По К. М. Станюковичу, продуктивно использовали свободное время немногие: «Прилежные готовили уроки и делали задачи, немногие читали; большинство бродило по коридорам, по ротной зале и собирались курить в ватерклозете, предварительно поставив часового. Близкие приятели и друзья ходили попарно и “лясничали”». Время для приготовления уроков будто бы даже раздражало кадетов: «Занимайся или нет, но сиди! Это принудительное сидение, разумеется, не по нутру было кадетам, и они то и дело перебегали один к другому или уходили в умывалку поболтать или покурить в своем излюбленном месте». И только время после ужина и до отхода ко сну «было самым любимым временем для разговоров и интимных бесед будущих моряков».

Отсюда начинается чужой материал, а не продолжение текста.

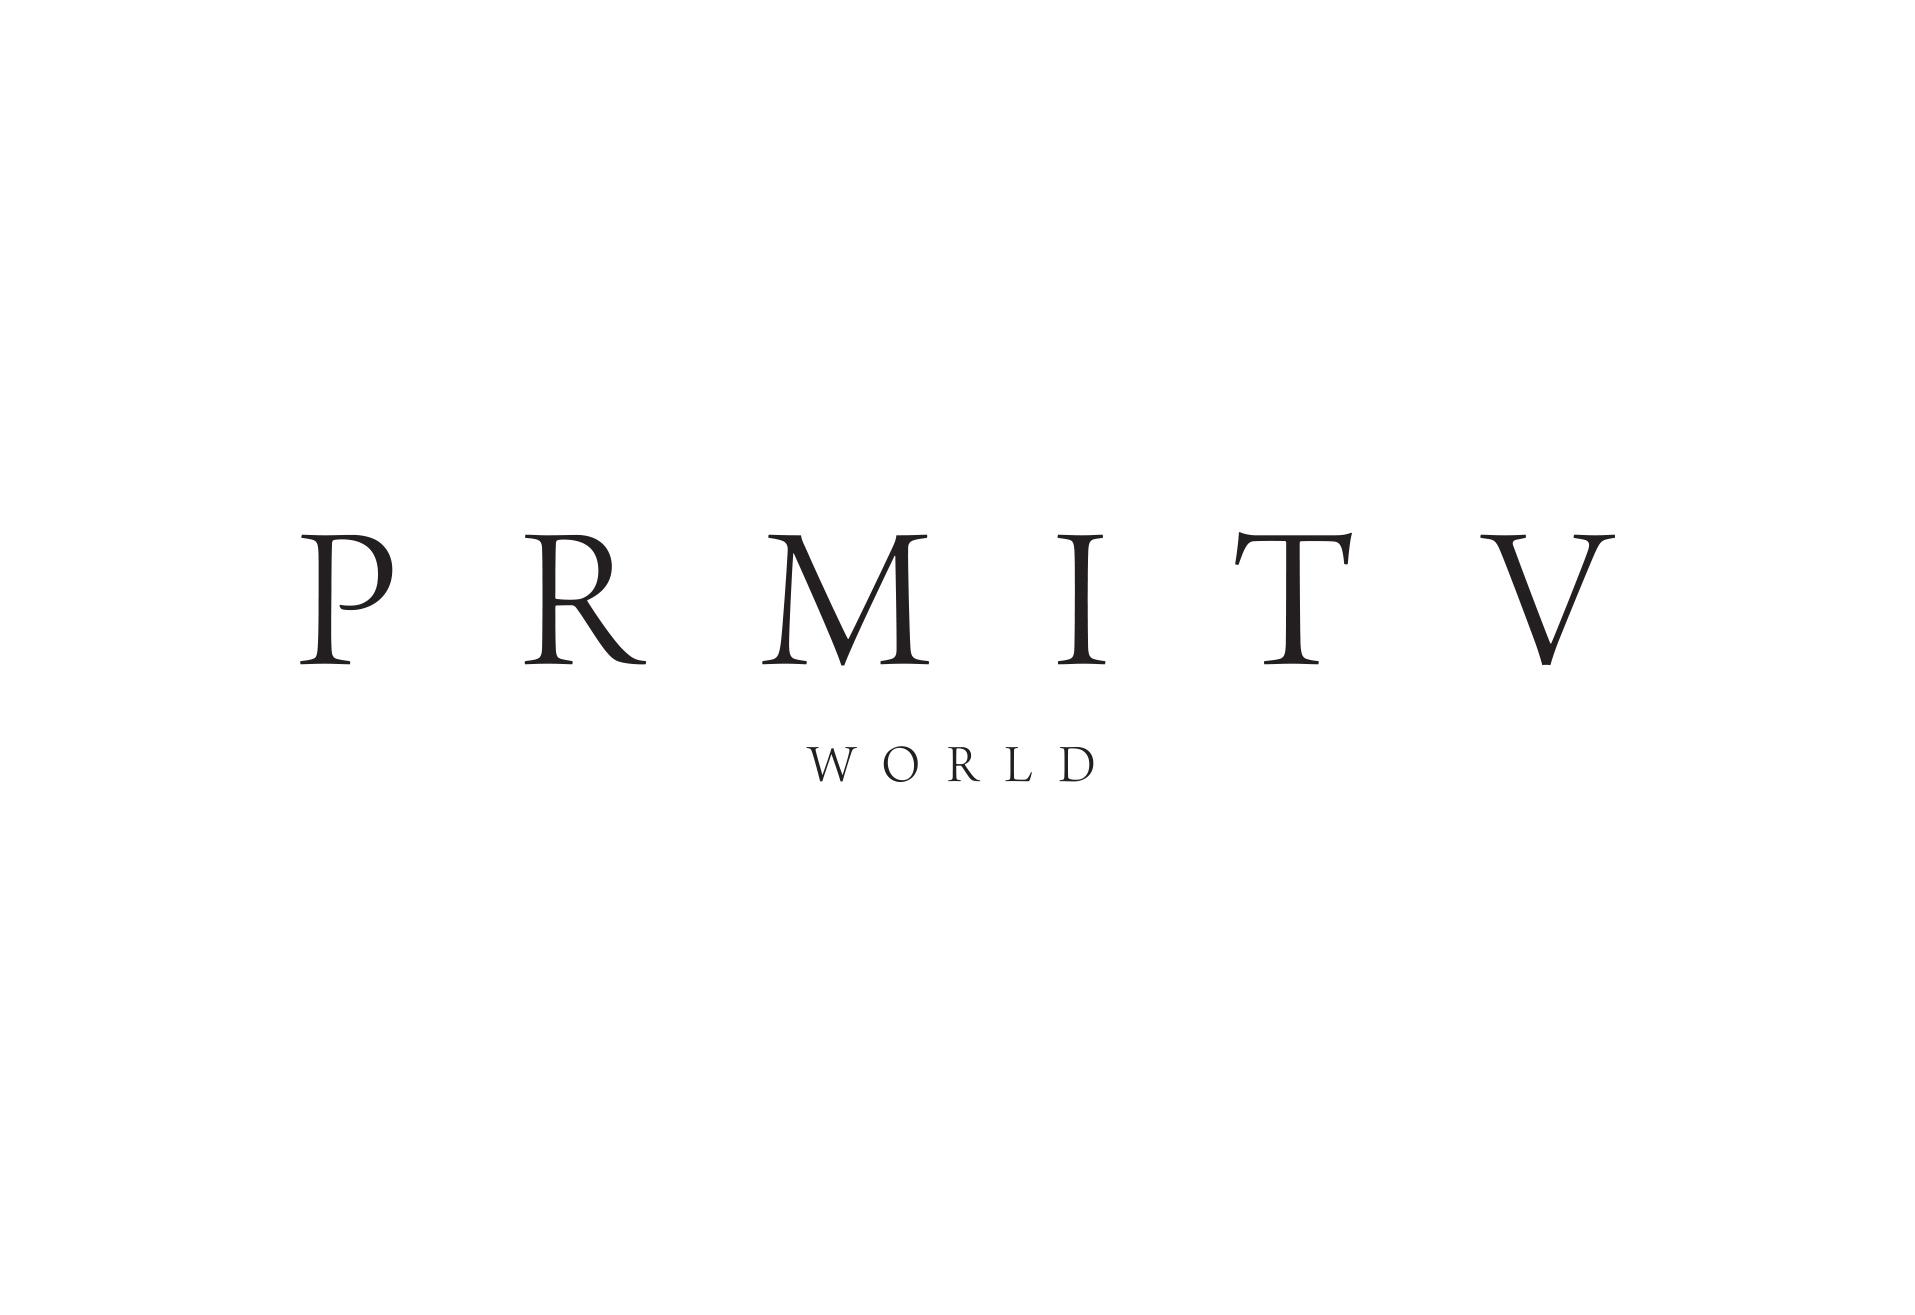 PRMITV WORLD

«Развитие кадет того времени было довольно слабое, – утверждает К. М. Станюкович, – чтение было не в особенном фаворе. <…> Очень малочисленный кружок, который читал и интересовался кое-чем, не пользовался никаким авторитетом, а на двух из нас, писавших стихи, смотрели с снисходительным сожалением, как на людей, занимающихся совсем пустым делом. <…> Разговоры и споры, которые велись, имели в большинстве случаев предметом: молодечество, удаль, самоотвержение. Многие закаливали себя: ходили по ночам на Голодай и на Смоленское поле. <…> Спорили и очень часто спорили о том, следует ли повесить двух-трех матросов, если взбунтуется команда, или следует их просто-напросто отодрать как сидоровых коз».

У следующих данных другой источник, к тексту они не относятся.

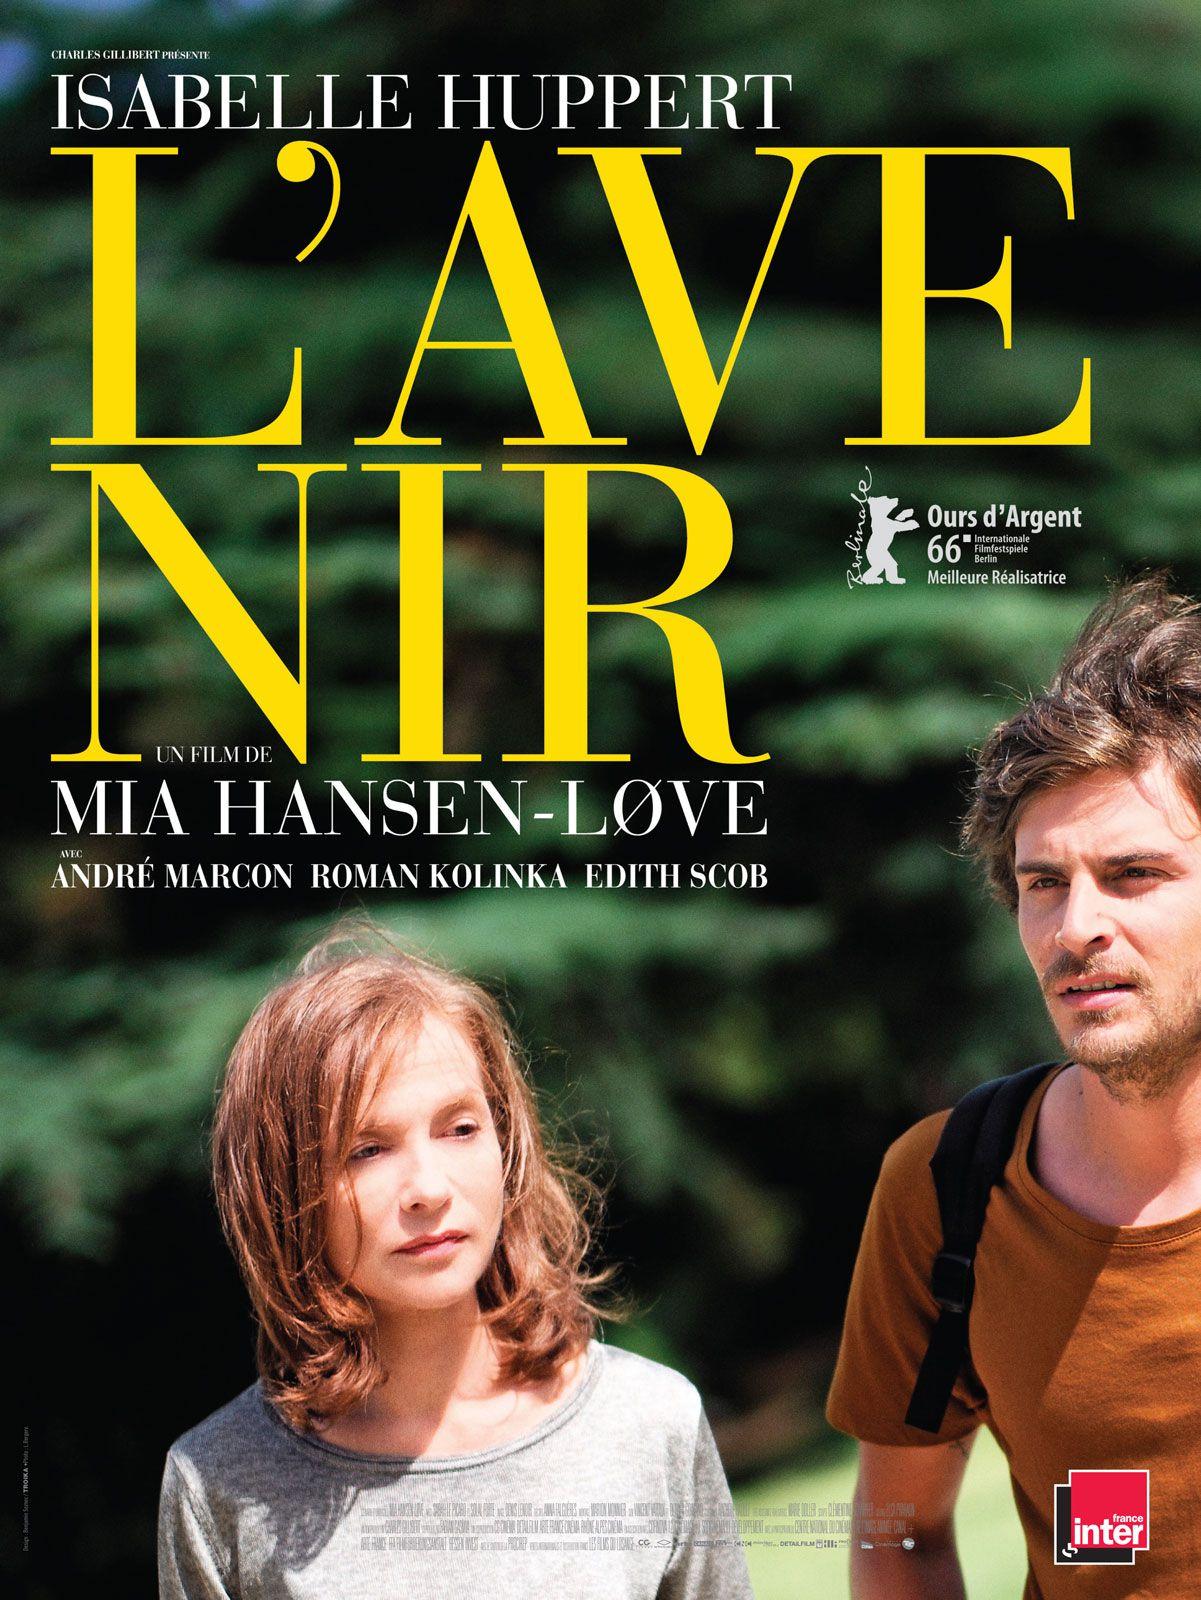 L'Avenir - Film (2016)

(Прервем Константина Михайловича и заметим: и 30 лет спустя либеральные шоры не дали ему понять, какой серьезный, жизненно важный для военного корабля вопрос обсуждали его юные товарищи. По сути, речь шла о способах обеспечить должную дисциплину. Бунт на военном судне ставил под угрозу его боеспособность, сохранение его как боевой единицы, сохранение его вообще. Разумеется, бунт должен быть подавлен, и речь, действительно, могла идти лишь о степени жесткости этого подавления: вздернуть двух-трех или хватит хорошей порки? Обсуждая способы подавления бунта, кадеты исходили из наличного набора средств, далеко, согласимся, не гуманных.
Позднее власть, поддавшись, к сожалению, либеральным веяниям, сделала именно эту ошибку: упразднила старую систему средств обеспечения должной дисциплины на военном корабле, не предложив ничего взамен. В результате офицер оказался без законных средств заставить себя слушаться и поддерживать свой авторитет. Мудрено ли, что в этих условиях матросы, в большей части непривычные к морю и боящиеся его, ленивые, видящие в корабле тюрьму, а в службе – каторгу, постоянно от нее отлынивающие или выполняющие ее спустя рукава, при любом удобном и неудобном случае напивающиеся до положения риз, наглые, всегда недовольные и без оснований требовательные, легко доступные разлагающей агитации, скоро превратились в «красу и гордость революции»[108].)
«Спорили, – продолжает К. М. Станюкович, – прилично ли настоящему моряку влюбляться или нет, рассуждали об открытии Северного полюса, но никто не говорил о карьере, о выгодных местах, никто не смотрел на плавание как на возможность получить лишнюю копейку, и никто не смел даже заикнуться о достижении успехов по протекции».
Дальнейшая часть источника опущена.